Apr 30, 2014

A Walk in the Mountains - Part V

The homestay.

The reason why the concept of a homestay appeals to me is probably because I find the fake smiles of most hotel staff a bit jarring. On most occasions. On other occasions, the staff are truthful enough not to smile. Besides, there is a sameness to hotels - you could be staying in Kashmir or Kanyakumari (or Jammu or Jhumritalaiya) and you wouldn't know the difference unless you look outside the window (and see the wall of the adjoining building).

So, the prospect that there can be a set of people who are genuinely excited at having you over, open their home to make you feel like you belong, and share their culture with you while learning about yours, was a completely new and surprising one for me.

After all, a hotel does not have the hyperactive owner's kid chasing a hen and its chicks giving the ultimate threat to the birds - "oye, tereko chicken tandoori bana doonga!", or the same kid telling you, "aap toh superman lagte ho." I rest my case.

After a refreshing welcome drink made from a root extract (how I wish I could remember the name), off we went to our rooms. Now, I don't know about you, but after 4 days of walking without a wash, the sight of a clean bathroom and running hot water made me act like an Indian male tourist in Ukraine... drop all my clothes and get steamy.

After a thorough wash, I came back to some chai-pakora and settled down with a book (a 'real' book as opposed to the kindle, as some people I vehemently disagree with say). Soon, it was time for dinner, and some of the most mouth-watering (and eye-watering, man, it was spicy) chutneys. This, coming from a guy who gets to sample some really brilliant mom-made chutneys at home. We also sampled some home made millet beer, but I did not get high since I didn't have much. Blame the elections for that.

The next day, we took a leisurely walk through the village, led by our guide Khushu. Or the Spiderman of Sikkim, as I have named him, for his ability to leap over rocks. No parkour training, no aaj kuch toofani karte hain funda, just years and years of playing on those very same rocks since his childhood!

We went to the riverside...

... and settled down on the rocks...

... and dipped our feet in the icy cold water...

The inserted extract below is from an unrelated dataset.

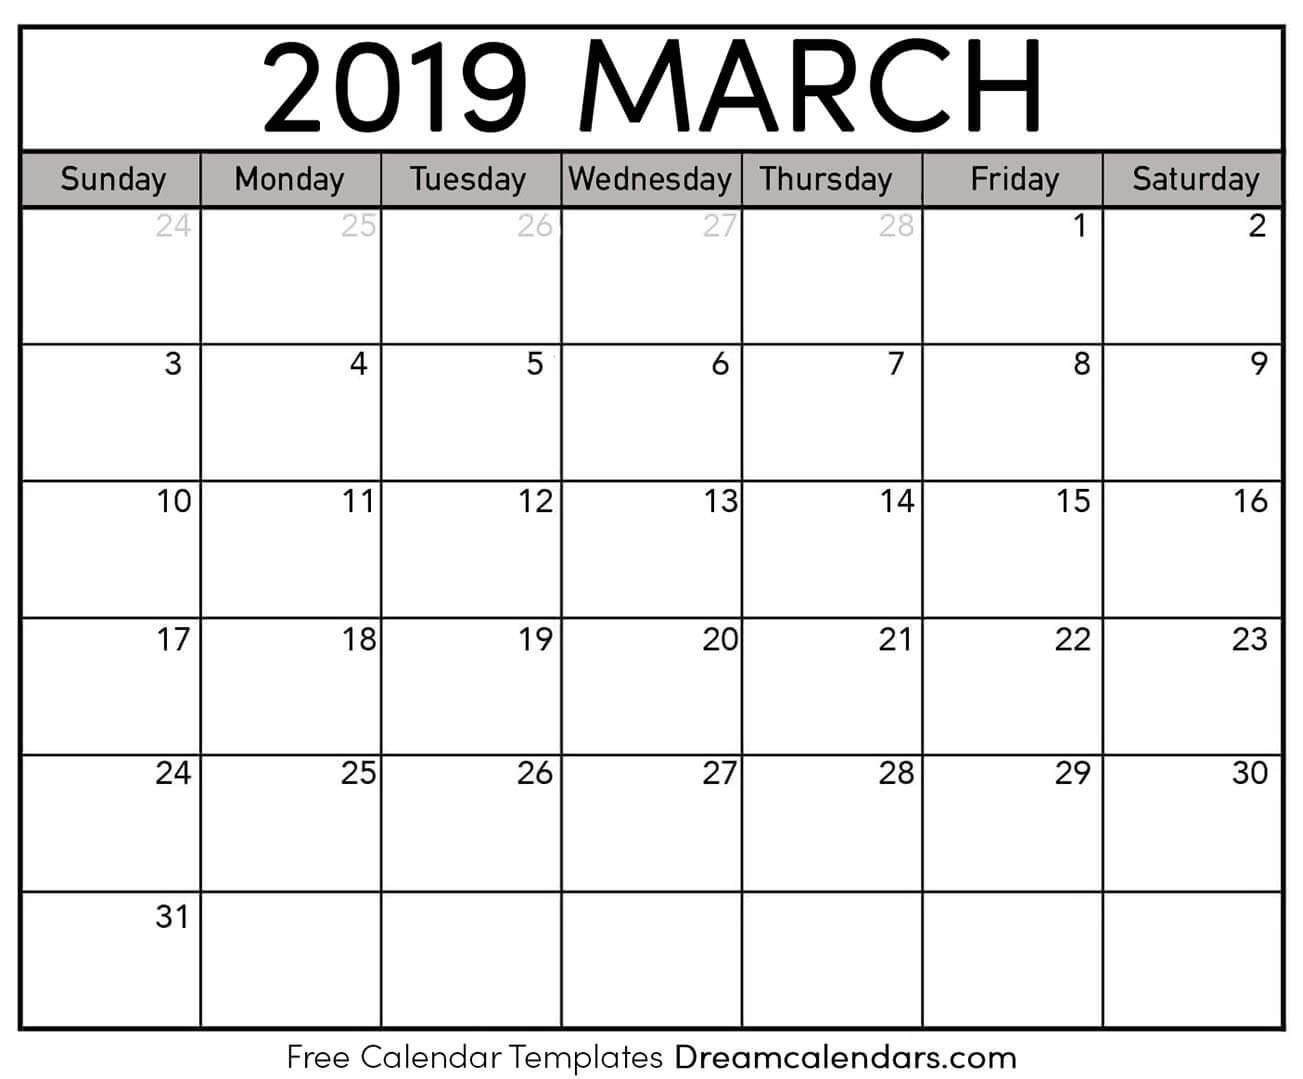 photo regarding Free Printable March Calendar named March 2019 Calendar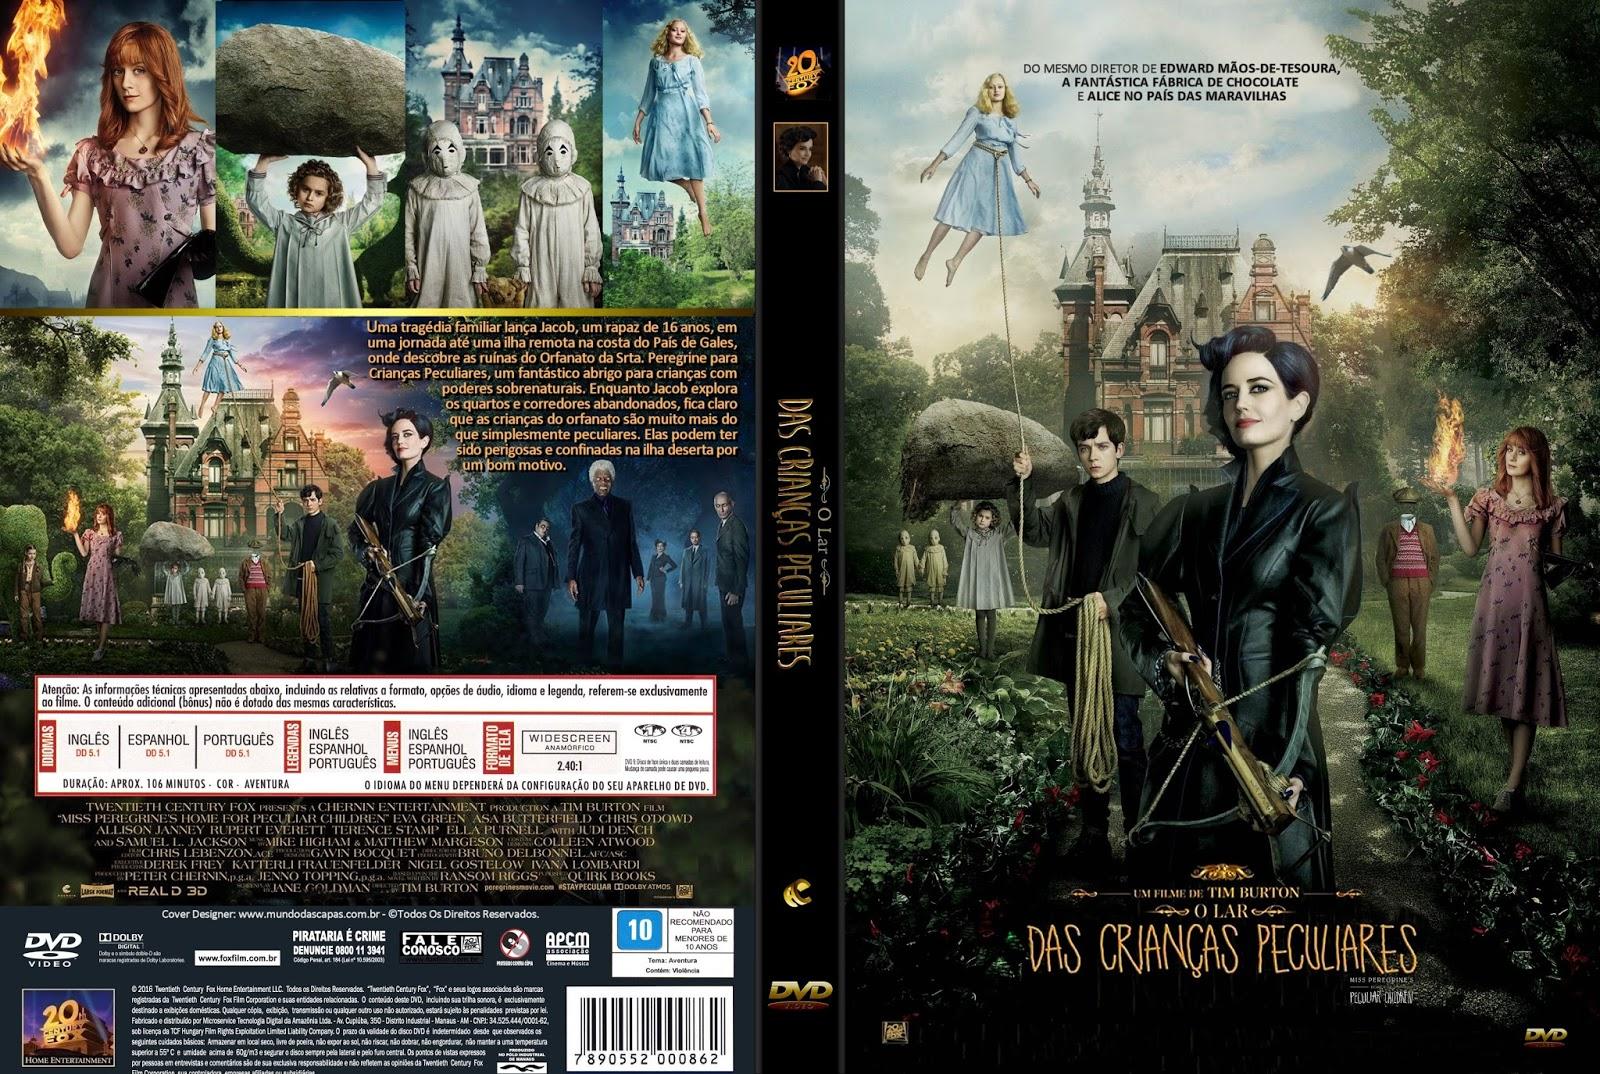 Download O Lar das Crianças Peculiares DVD-R

... and came back very refreshed. For once, I felt a little guilty about financing hydro-power projects which go and screw up the beautiful rivers.

We walked some more (me with a wet shoe since I had stepped into the water, after a failed attempt at trying to mimic the Spidey of Sikkim), preferring to soak in the beauty of the hills, till it seemed like it'll rain on our parade. Thankfully, we hitched a ride before the rains came down too strongly, and after a late lunch, I preferred to settle down on a chair, put my feet up, and read.

A good dinner, a very good night's sleep, a warm farewell to our hosts and a sleepy car ride to the airport brought an end to an amazing vacation.
PS1: All photos across all the posts credited to either Shilpi or Mansi, my co-travellers and the really patient folks who have somehow managed to put up with me all through this trek. One would have thought that one previous vacation with me would have been enough to ensure they don't repeat this mistake, but some people apparently never learn!

PS2: Another co-traveller, the greying, grandmotherly, good doctor (in her own words) has also written about this trip. In far fewer words (unless you count the pictures and assign 1 picture = 1000 words logic).